Дядя очень несчастлив, милая тетенька. Подобно Удаву, он рассчитывал, что на старости лет у него будет два утешения, а в действительности оказывается только одно. С коллежским асессором Сенечкой случилось что-то загадочное: по-видимому, он, вместе с другими балбесами, увлекся потоком междоусобия и не только сделался холоден к своим присным, но даже как будто следит и за отцом, и за братом. Но что всего больнее: секретно дядя и до сих пор питает предилекцию к Сенечке, а Павлушу хотя и старается любить, но именно только старается, ради удовлетворения принципу справедливости.

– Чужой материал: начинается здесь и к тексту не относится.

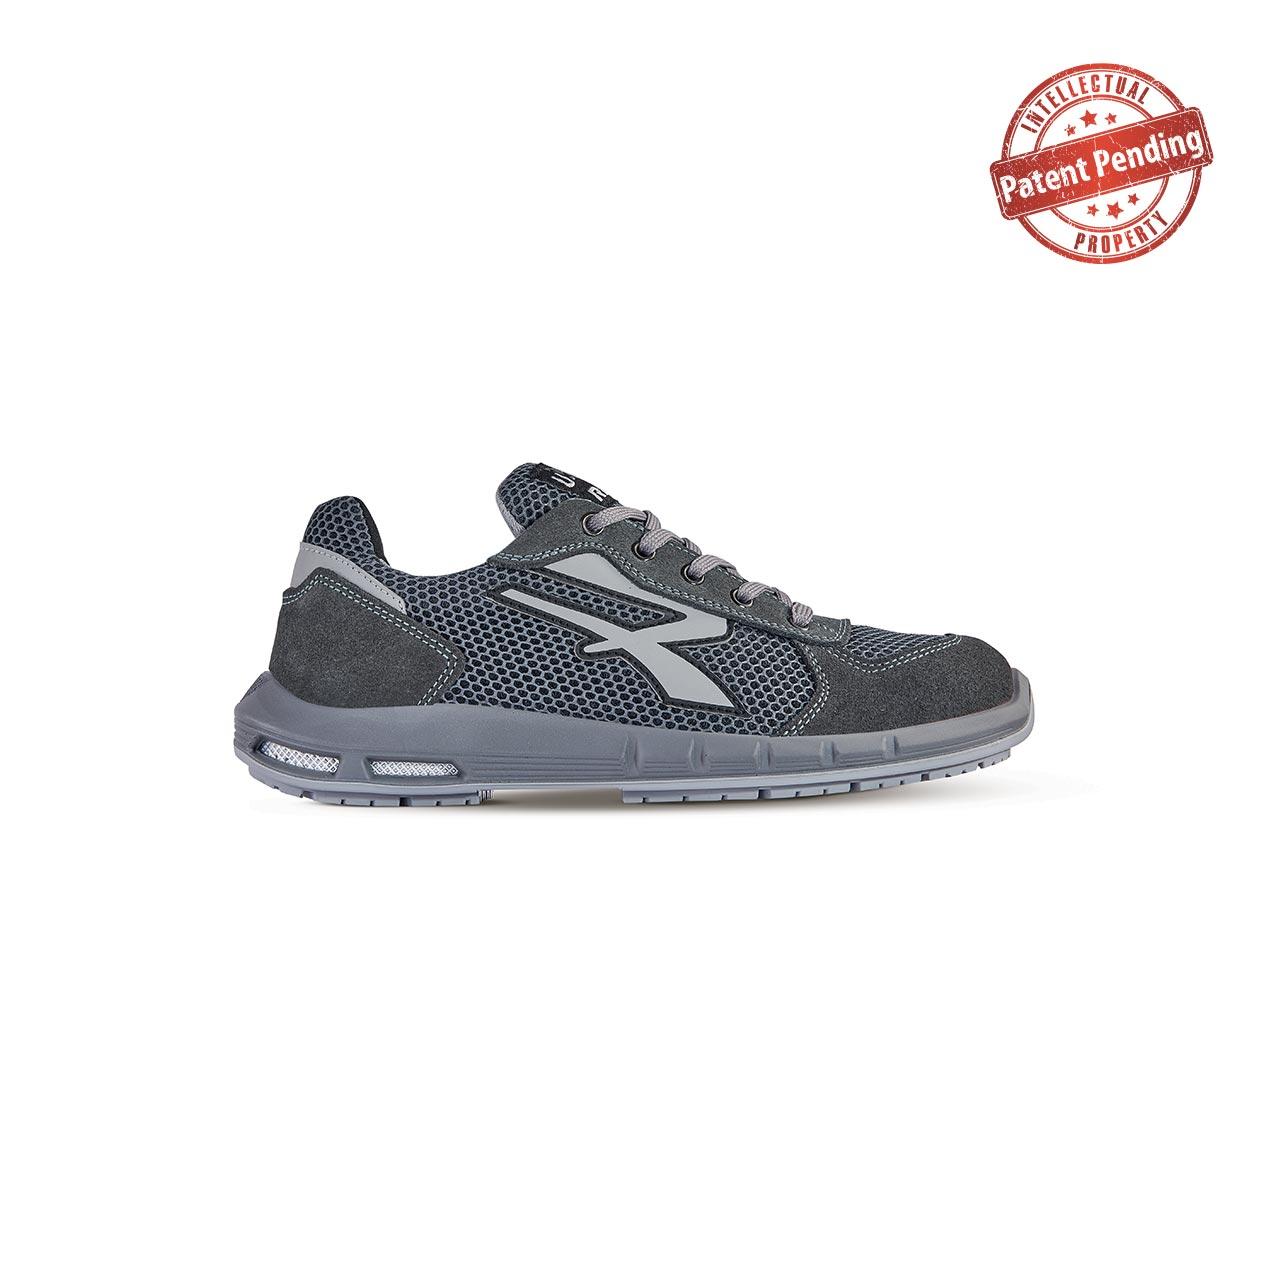 scarpa antinfortunistica upower modello draco plus linea redup plus vista laterale

– И ведь какой способный малый! – говорил он мне об Сенечке. – Какое хочешь дело... только намекни! он сейчас не только поймет, но даже сам от себя добавит и разовьет!

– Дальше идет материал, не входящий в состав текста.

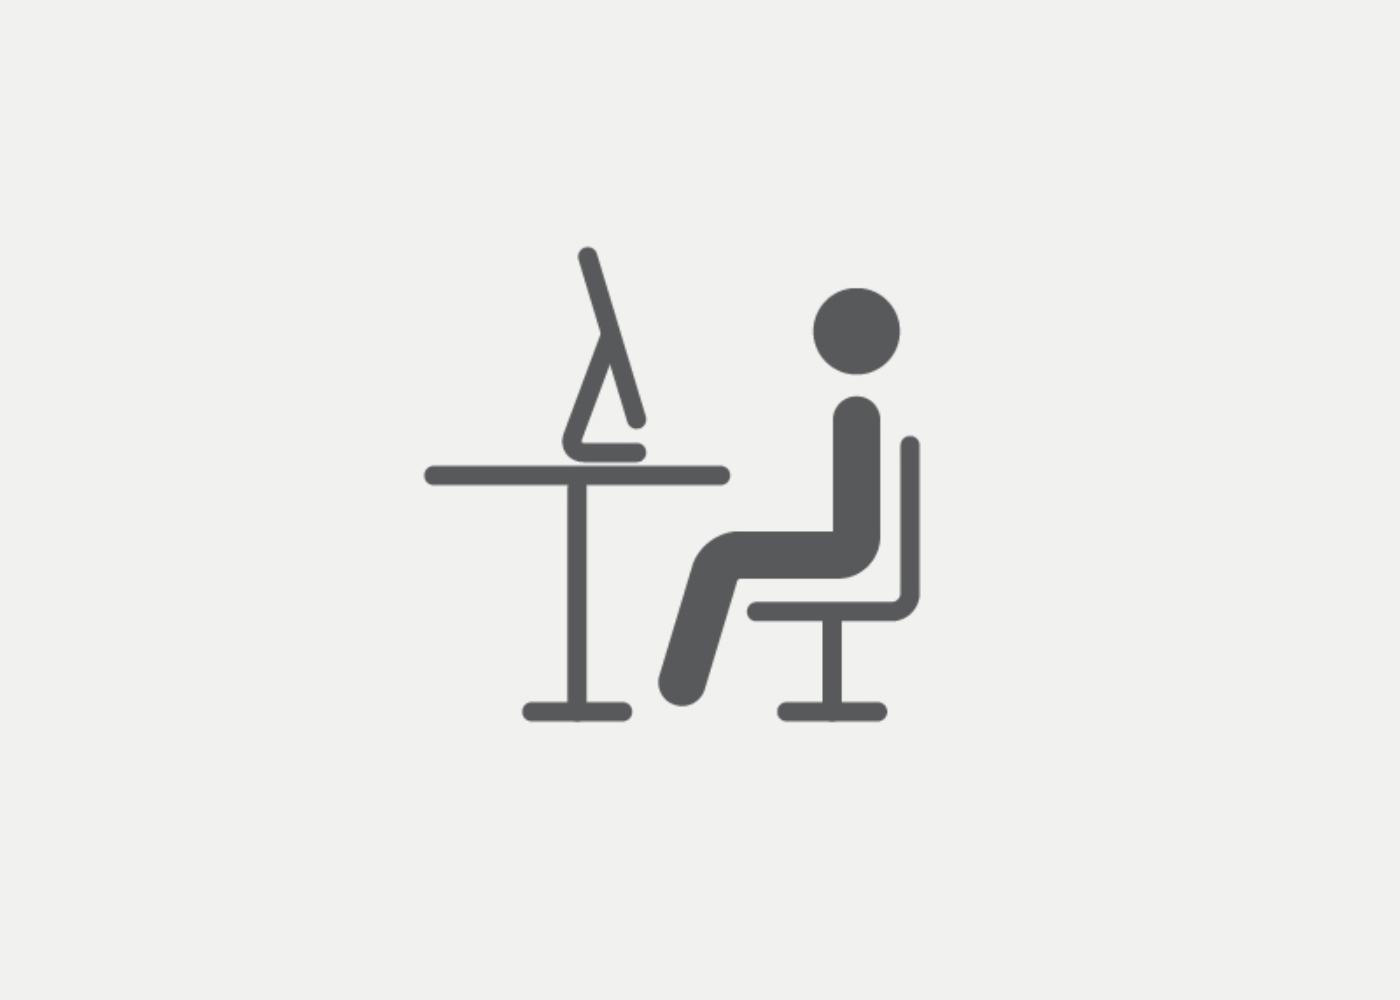 naem-research-quickpolls-2016-02-office-ergonomic-policies-700x500

– Да, талантливый он у вас...
– То-то, что чересчур уж талантлив. И я сначала на него радовался, а теперь... Талантливость, мой друг, это такая вещь... Все равно что пустая бутылка: какое содержание в нее вольешь, то она и вместит...
– Да ведь на то ум человеку дан, чтоб талантливость направлять.
– И ум в нем есть – несомненно, что есть; но, откровенно тебе скажу, не особенной глубины этот ум. Вот извернуться, угадать минуту, слицемерничать, и все это исключительно в свою пользу – это так. На это нынешние умы удивительно как чутки. А чтобы провидеть общие выводы – никогда!
– Но что же такое с Сенечкой случилось?
– Карьеры захотелось, да и бомонд голову вскружил... Легко это нынче, а он куда далеко, через головы, глядит. Боюсь, чтоб совсем со временем не осрамился...
Дядя помолчал с минуту и потом продолжал:
– Никогда у нас этого в роду не было. Этой гадости. А теперь, представь себе, в самом семействе... Поверишь ли, даже относительно меня... Ну, фрондер я – это так. Ну, может быть, и нехорошо, что в моих летах... допустим и это! Однако какой же я, в сущности, фрондер? Что я такое ужасное проповедую?.. Так что-нибудь...
– Помилуйте, дядя! обыкновенный светский разговор: то – нехорошо, другое – скверно, третье – совсем никуда не годится... Только и всего.
– Ну, вот видишь! И он прежде находил, что "только и всего", и даже всегда сам принимал участие. А намеднись как-то начал я, по обыкновению, фрондировать, а он вдруг: вы, папенька, на будущее время об известных предметах при мне выражайтесь осторожнее, потому что я, по обязанности, не имею права оставлять подобные превратные суждения без последствий.
– Вот он какой!
– Да, строгонек. Ну, я сначала было подавился, а потом подумал-подумал и проглотил.
– А я бы на вашем месте...
– Нельзя, мой друг. Помилуй! коллежского асессора! Это в прежнее время допускалось, а нынче... Я помню, покойный папенька рассказывал: закутил он в полку – ну, просто пить без просыпу начал... Узнал об этом дедушка, да и пригласил блудного сына в деревню. И прямо, как приехал сынок – в кабинет! Розог! Только папенька-то ведь умен был: как следует родительскую науку выдержал, да еще ручку у родителя поцеловал. А дедушка, за эту его кротость, на другой день ему тысячу душ подарил! И с тех пор как рукой сняло! До конца жизни никакого вина папенька в рот не брал! Вот какая в старину чистота нравов была!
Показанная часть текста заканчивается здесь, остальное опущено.